What you need to do
Would you return exactly the lines below from the line with "Pittsburgh Pirates 8X10" through the line with "Serge Poliakoff Abstract", both included, and nothing else, leaving out the pictures?

Material for this exercise
◇ ◇ ◇ ◇ ◇

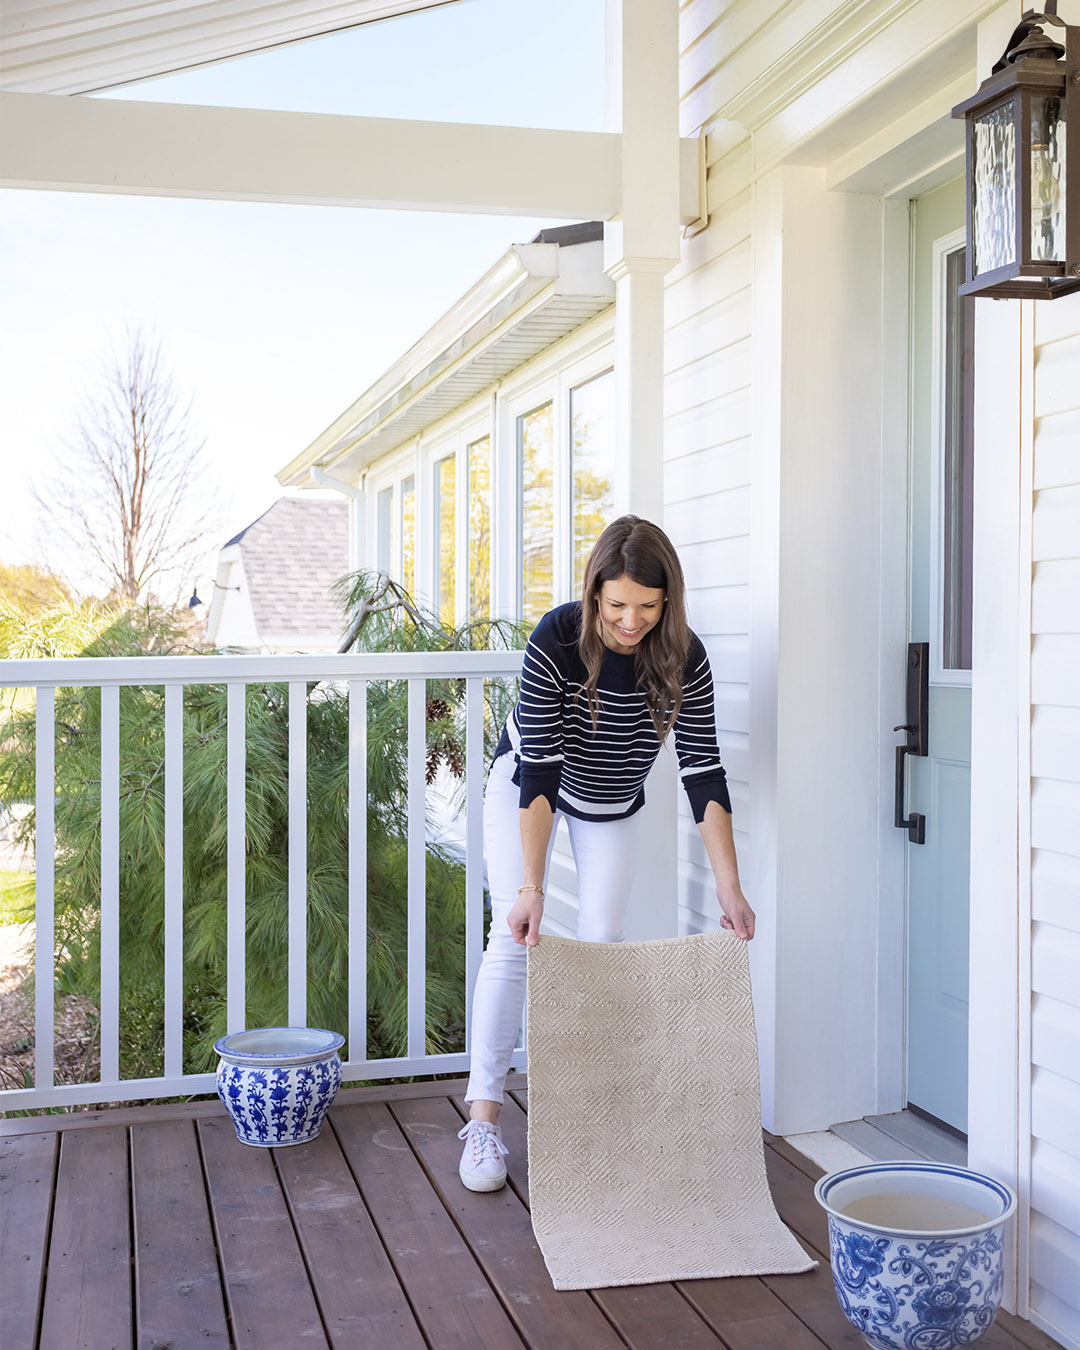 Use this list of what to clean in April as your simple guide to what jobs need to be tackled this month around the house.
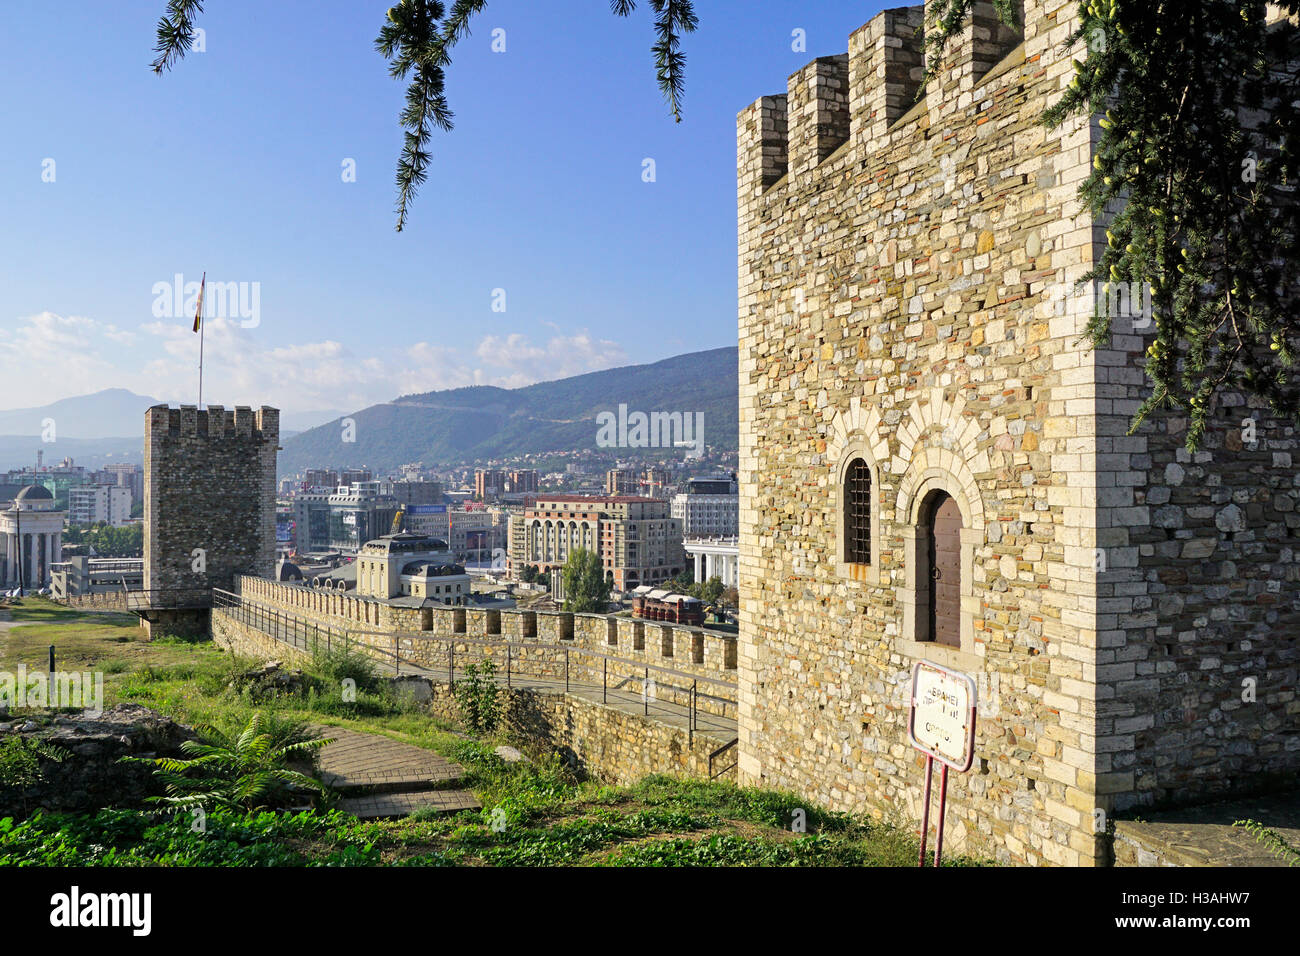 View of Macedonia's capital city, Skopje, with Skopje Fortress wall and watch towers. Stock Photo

◇ ◇ ◇ ◇ ◇

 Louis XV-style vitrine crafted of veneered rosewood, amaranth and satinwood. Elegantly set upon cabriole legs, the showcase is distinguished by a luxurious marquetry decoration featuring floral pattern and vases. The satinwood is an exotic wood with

◇ ◇ ◇ ◇ ◇

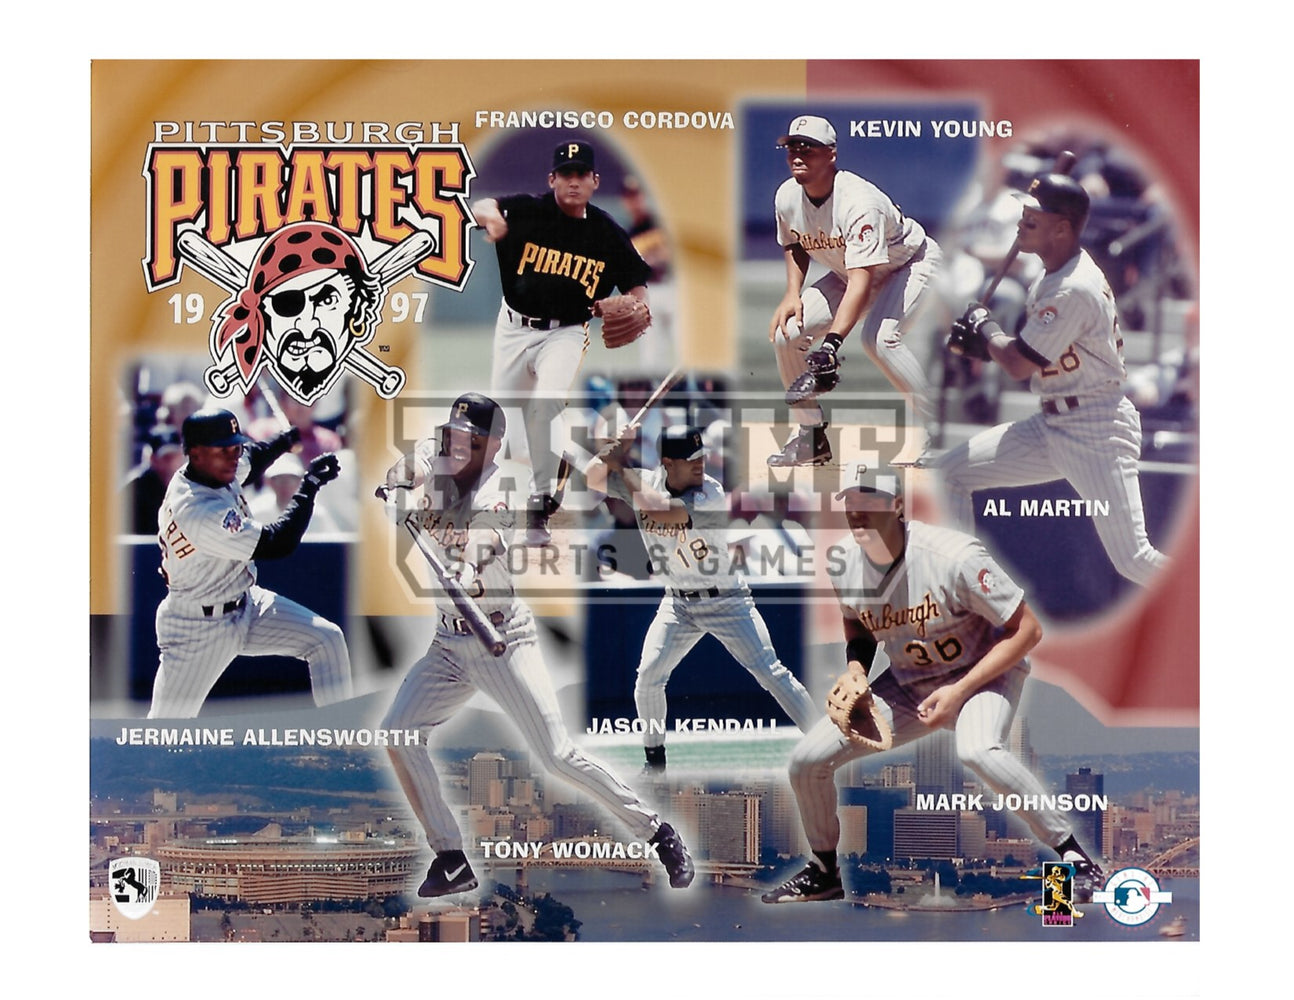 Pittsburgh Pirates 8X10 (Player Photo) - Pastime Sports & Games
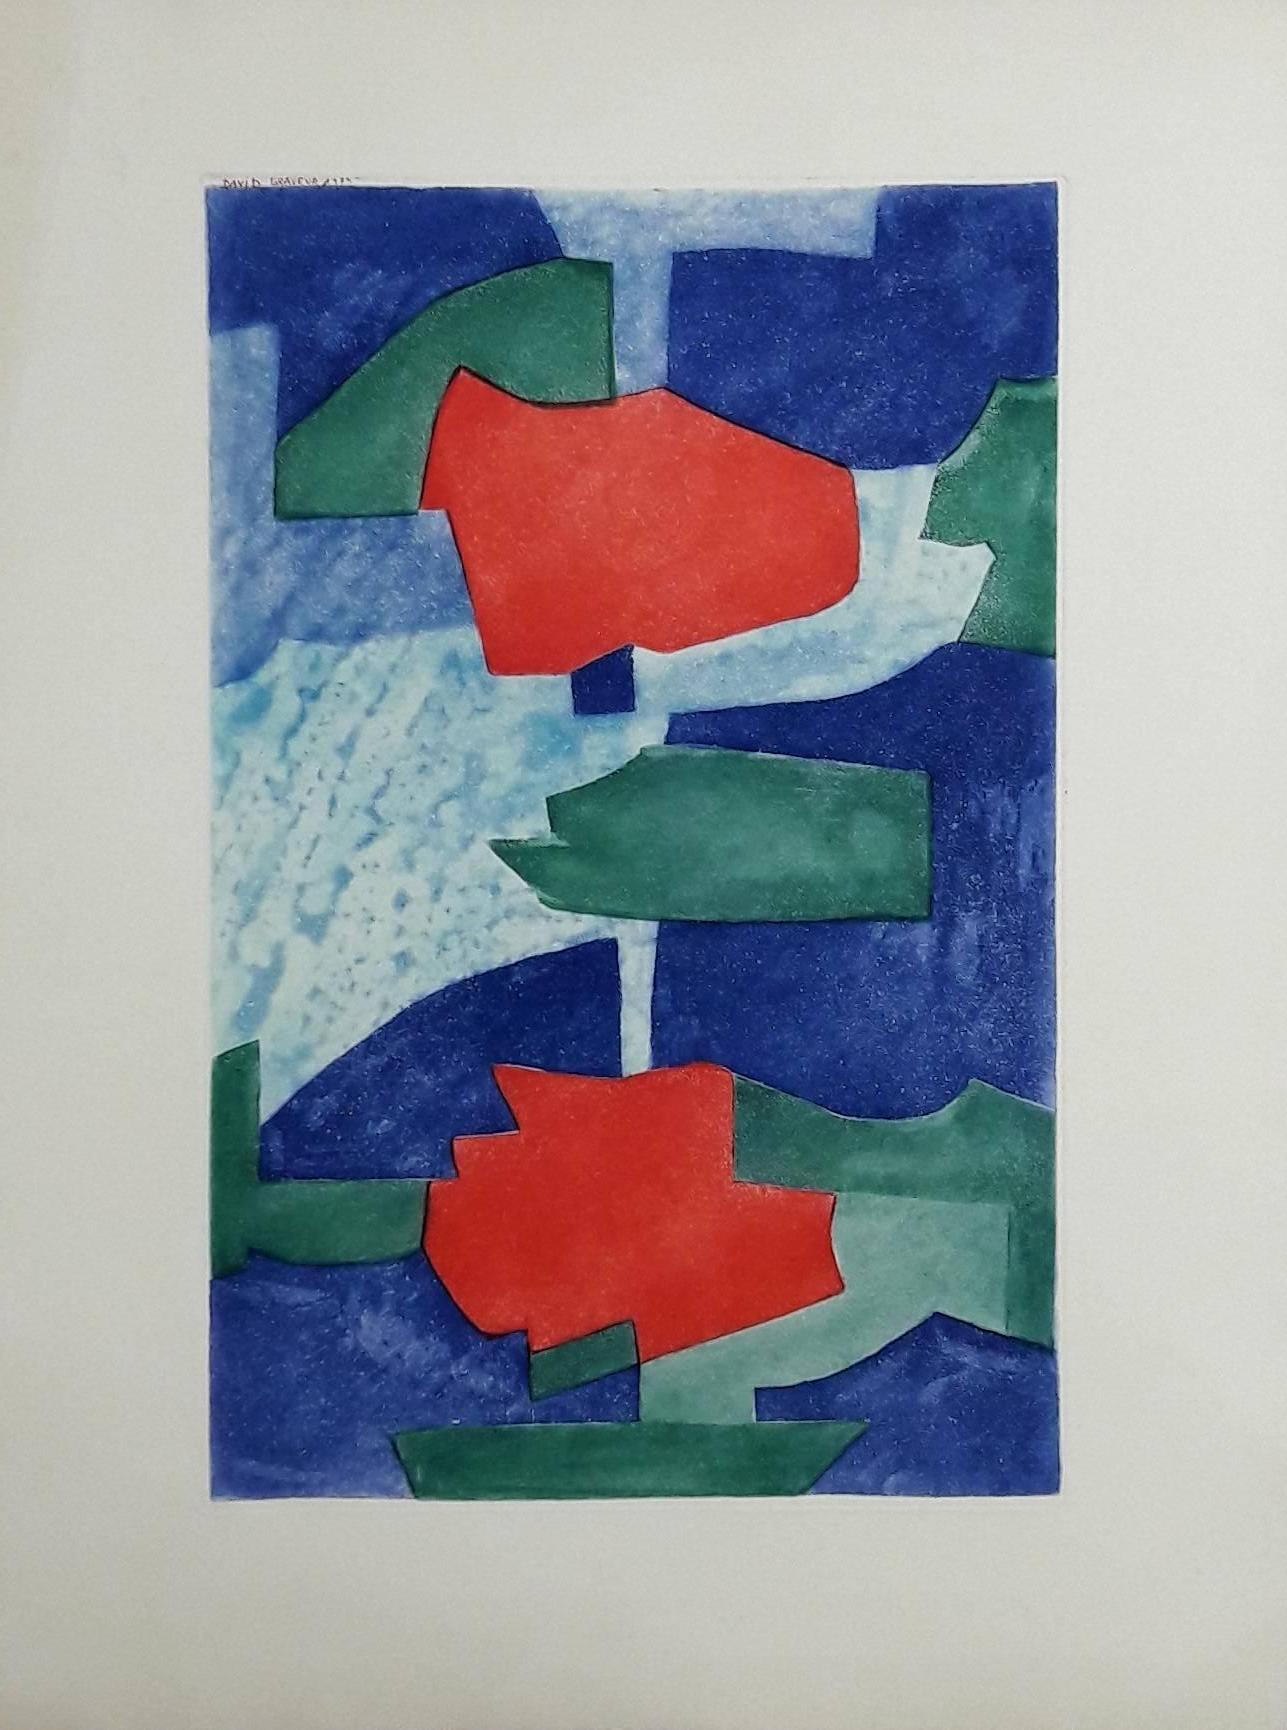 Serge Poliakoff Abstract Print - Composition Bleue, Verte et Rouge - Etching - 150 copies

◇ ◇ ◇ ◇ ◇

Task solution
 Pittsburgh Pirates 8X10 (Player Photo) - Pastime Sports & Games
 Serge Poliakoff Abstract Print - Composition Bleue, Verte et Rouge - Etching - 150 copies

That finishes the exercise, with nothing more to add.